Ноги подкосились, и он рухнул на колени в холодную грязь. Слёзы, горячие и горькие, как кровь из открытой раны души, хлынули из его глаз потоком, заливая лицо. Он заплакал – не просто заплакал, а завыл, как раненое животное, не в силах больше сдерживать рыдания, что разрывали его грудную клетку изнутри.

Плач был не просто выражением горя – это был крик всей его подавленной, нереализованной жизни. В этих рыданиях звучала боль всех тех моментов, когда он хотел подойти к девушке, но не решался. Всех тех вечеров, которые проводил в одиночестве, убеждая себя, что так лучше. Всех тех раз, когда он закрывался от мира, строя стены из книг и теорий.
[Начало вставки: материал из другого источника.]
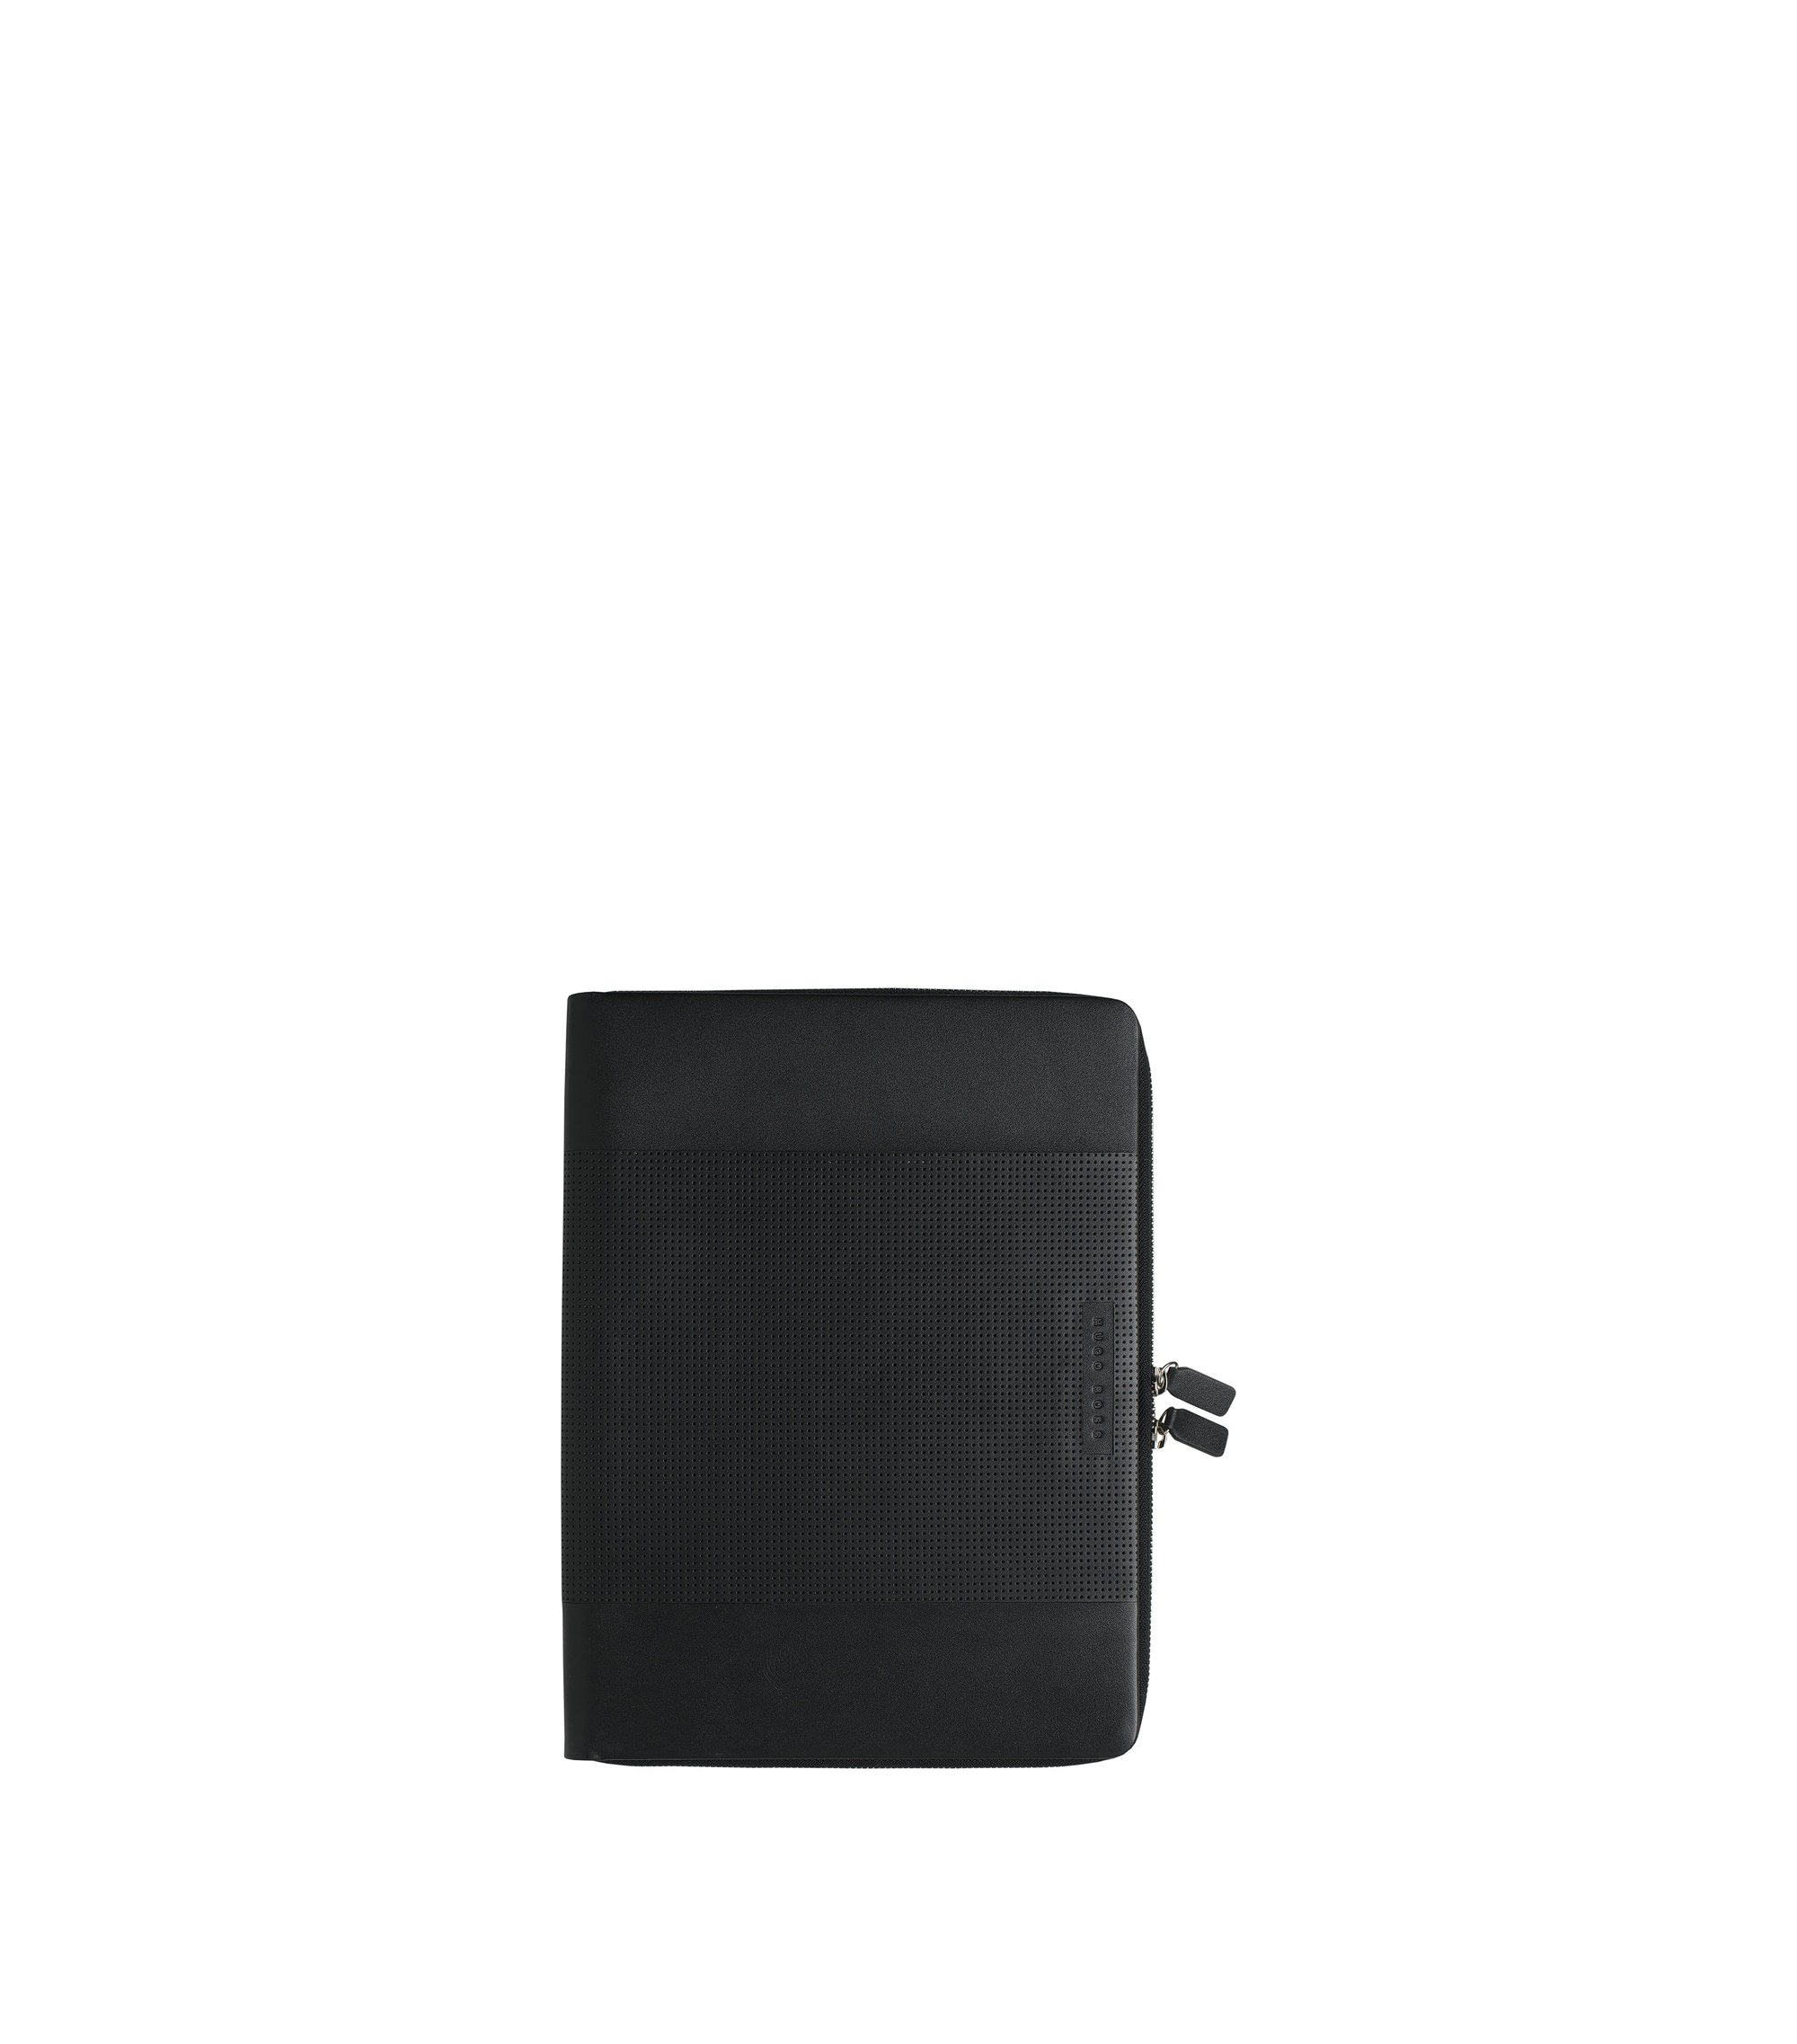 Carpeta A4 con cremallera completa en piel negra con textura, Negro

Было настолько грустно и страшно одновременно, что сердце буквально разрывалось пополам от двойного бремени ужаса и скорби. После опыта всех видов физической боли, что ещё недавно терзали каждую клеточку его тела, внезапно испытать эту метафизическую депрессию от абсолютного одиночества было всё равно, что получить удар отравленного ножа в уже открытую рану.

Двойник наклонился к нему, и его мёртвое лицо исказила жестокая улыбка:

– Видишь? Даже твои слёзы никому не нужны. Они просто впитываются в эту мёрзлую землю и исчезают, как исчезнешь ты сам. Без следа, без памяти, без смысла.

Даже не зная, где его дом, где те люди, что могли бы его обнять и назвать по имени, где хоть кто-то, кто помнил бы о его существовании, желание отогнать это чувство всепоглощающей пустоты пульсировало в нём, как вторая кровь, как второе сердце, что билось только болью.

Но самым страшным было то, что часть его – тёмная, честная часть – соглашалась с каждым словом двойника. Да, он был одинок. Да, его исчезновение мало кого расстроило бы. Да, он жил как призрак среди живых людей, наблюдая за их жизнями со стороны, но никогда не участвуя по-настоящему.

Может быть, проще было бы просто остаться здесь, среди деревьев и теней, не искать дома и близких, стать частью этой мрачной вечности, раствориться в ней, как капля в океане мрака. Что угодно, лишь бы это прекратилось, лишь бы заглушить этот вой внутри, что был громче любых криков.

Двойник вдруг протянул к нему руку – холодную, как лёд, бледную, как кость:

– Пойдём со мной, Максим. Здесь тебе не будет одиноко. Здесь все одиноки, и поэтому никто не одинок. Здесь ты найдёшь своих – таких же потерянных, забытых, ненужных. Мы построим город из одиночества, государство отвергнутых.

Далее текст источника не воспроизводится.